What We're Actually Losing
Younger students now show higher AI dependence and lower critical thinking scores. The pattern is clear: cognitive offloading weakens independent analytical ability.
AI doesn't just help students. It replaces the struggle that builds capacity.
When you outsource problem-solving to a machine, you skip the neural work that creates problem-solvers. The friction is the point. The difficulty is where learning happens.
I know this from music. You can't shortcut your way to mastery. The hours of repetition, the frustration of missed notes, the grinding process of improvement—that's not inefficiency to eliminate. That's the mechanism that builds skill.
The Counterforce
Musical training enhances verbal memory, reading ability, executive functions, and general reasoning skills. These are exactly the human-distinctive capabilities that AI dependency erodes.
Music education forces deep engagement. You can't AI your way through learning an instrument. Your fingers have to do the work. Your brain has to make the connections. Your patience has to endure the plateau.
That's why we built Bournemouth Music School the way we did. We bring music lessons to students' homes, removing the logistical friction while preserving the cognitive friction that matters. Convenience in access, not in effort.
Our teachers are young enough to understand the AI generation but trained enough to know what genuine skill-building requires. We're not trying to make learning easier. We're trying to make it accessible.

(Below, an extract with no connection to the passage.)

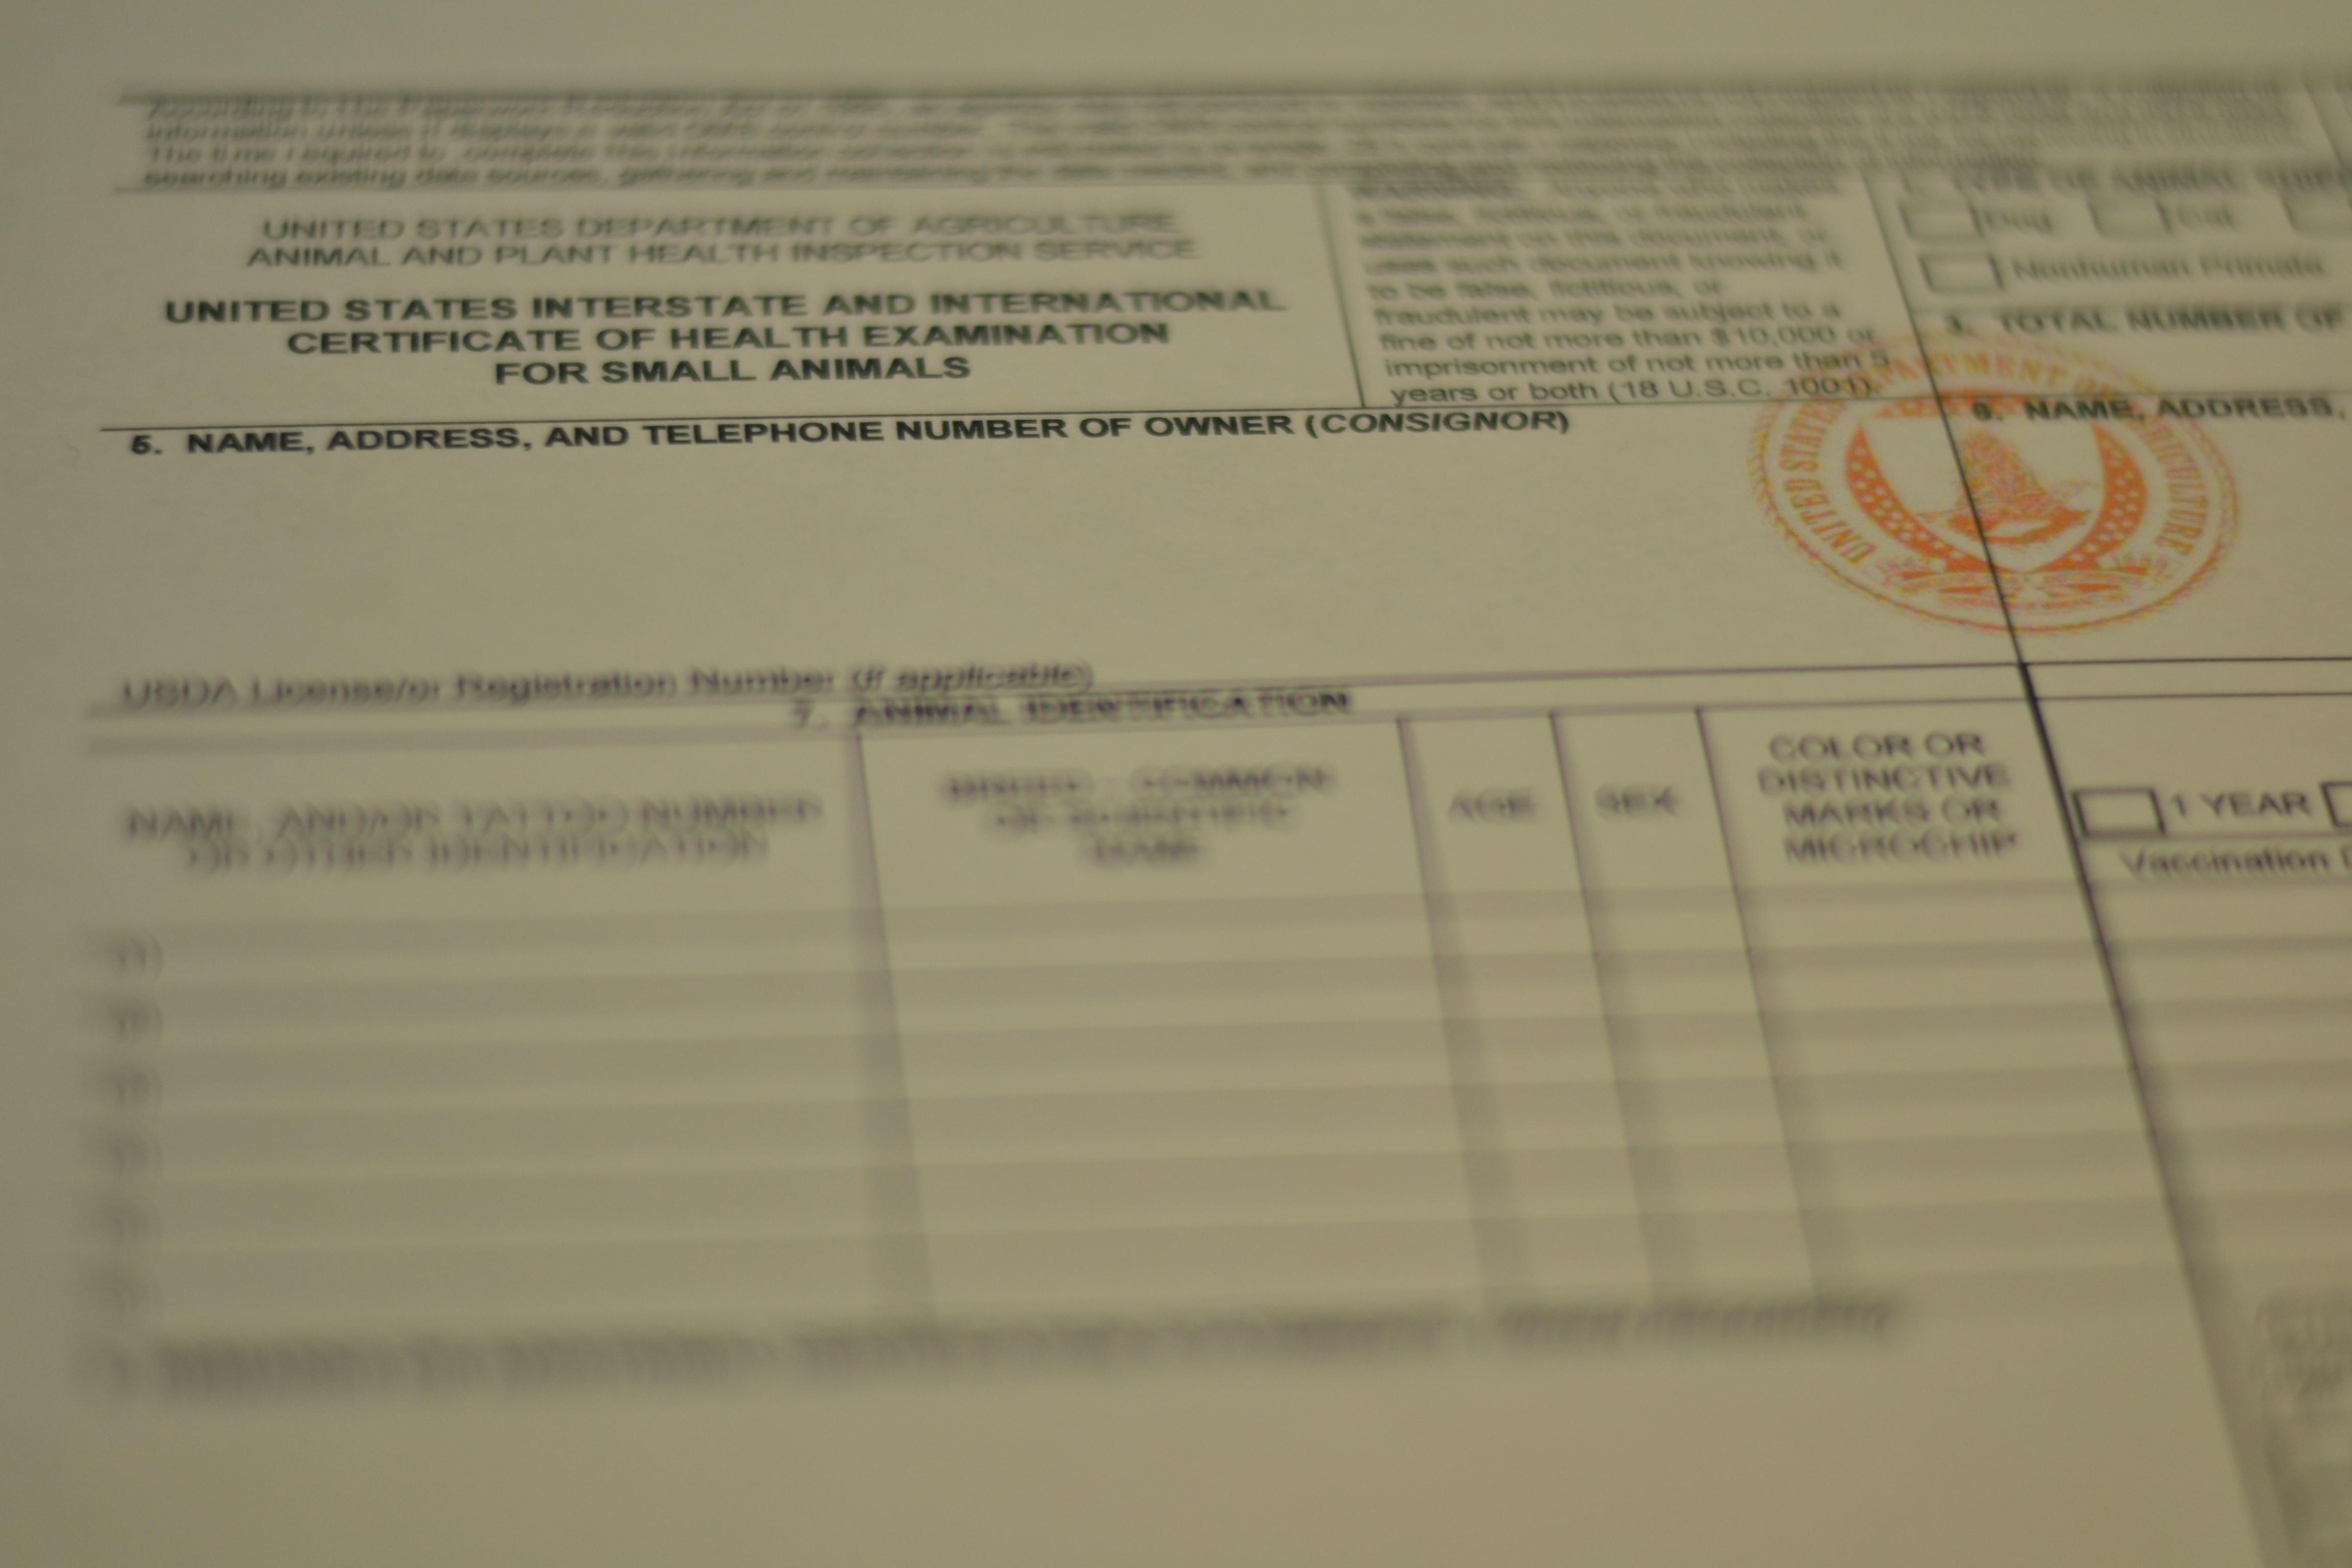 form veterinary usda 7001 international certificate health travel pet aphis evesham nj clinic archives vet cat passport pdf marlton certificates

What This Means For Parents
If your kid is using AI for homework, they're practicing completion, not comprehension. They're building speed, not depth.
The question isn't whether AI tools are bad. The question is whether your child is developing the capacity to think without them.
Music lessons won't solve everything. But they force the kind of sustained, effortful practice that builds executive function. The discipline to sit with difficulty. The patience to improve incrementally. The self-regulation to practice when you'd rather quit.
These aren't soft skills. They're cognitive infrastructure.
The Real Cost
We're raising a generation that can generate answers faster than ever. But can they generate questions? Can they sit with ambiguity? Can they push through difficulty without outsourcing the hard parts?
AI made education faster. But it might be hollowing it out.
The students who thrive in the next decade won't be the ones who learned to use AI most efficiently. They'll be the ones who built cognitive capacity strong enough that AI enhances their thinking instead of replacing it.
That capacity doesn't come from convenience. It comes from struggle. From practice. From disciplines that refuse to let you shortcut your way to competence.
Music is one of those disciplines. So is mathematics done by hand. So is writing without autocomplete. So is any learning that forces your brain to do the work.
We're at a choice point. We can optimize for speed and watch critical thinking atrophy. Or we can preserve the friction that builds capability.
I know which one I'm choosing. Both for my students and for the future they're walking into.